His goal is to create a more secure, stable infrastructure for the Internet. “The foundation has to be built on bedrock. It needs to be as secure as it can be.”
Osterweil, who joined Mason in fall 2018, is building a team of researchers to investigate ways to improve the security of core Internet protocols, including inter-domain routing, the super-highway of the Internet that carries all traffic, and the Domain Name System (DNS), the system that gives names to all Internet resources. He’s also working to extend those protections into other security mechanisms and tools throughout Internet systems.
This work could help prevent many common malicious attacks including data theft, problems with authentication and authorization, and distributed denial of service (DDoS) attacks—massive volumes of cyberattack traffic that routinely make headlines by knocking large websites offline, he says. “It will help secure email, the internet of things, mobile health, cyber-physical systems like those in cars.”
“I’m investigating solutions that will, for example, ensure no one—not even your email provider—can see the email conversations that you have with others.”
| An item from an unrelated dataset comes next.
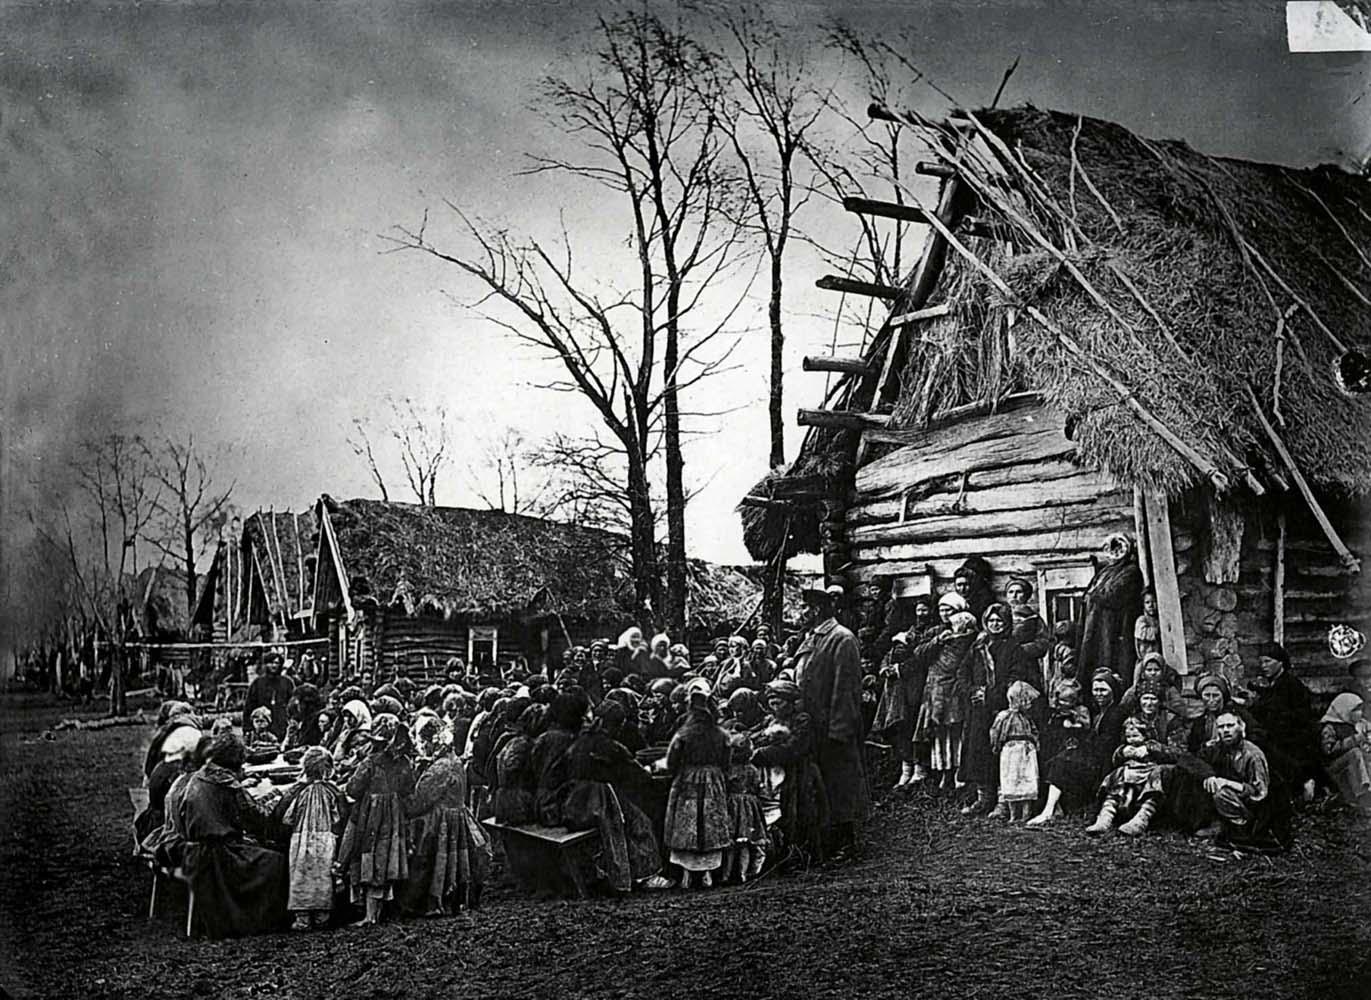 Крестьянская община в деревне Пралевке Лукояновского уезда. Фото М.П. Дмитриева. 1891-92 гг
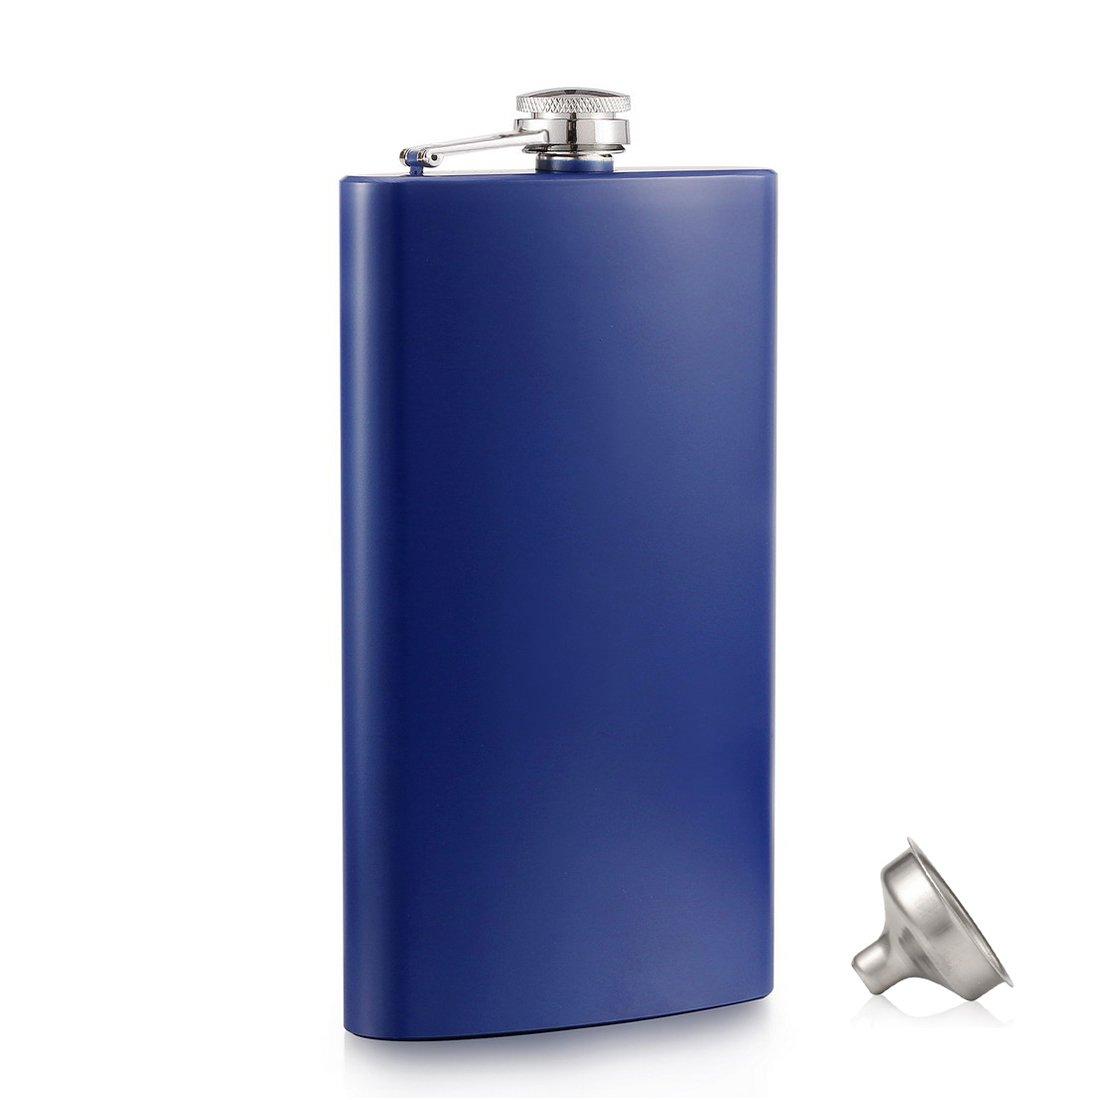 公式の  menghao 18/8ステンレススチールFlasks – withフリーポケットSliverヒップフラスコ漏斗 ブルー 12 OZ ブルー 12 Blue – B07DB35VN4, 扇子司 伊藤常:88382eda --- vezam.lt

Sanjeev Setia, chair of the computer science department, says, “The Domain Name System is critical to the functioning of the internet, and Eric is one of the world's leading experts on the subject of DNS security.”
His research expertise in Internet security complements the department’s existing strengths in cryptography and security of mobile networks and cyber-physical systems, Setia says.
Osterweil spent almost 20 years working in industry, operations, standards, and policy communities to gain insights into cybersecurity. He’s working with them now, fostering collaborations and pursuing funding.
He says he’s “thrilled to be working with Mason’s talented researchers who have a great reputation in the computer science and cybersecurity communities."
“We need to secure the Internet’s foundation in a way that enables coherent, consistent, and useable security all the way up the layers of software, so users feel secure when they tap their phones, bring connected devices into their homes, and rely on the safety systems in their cars,” he says.
“I believe we have reached the turning point where long sought after security protections are within our grasp, and we now have the opportunity to turn the tide of the cybersecurity arms race.”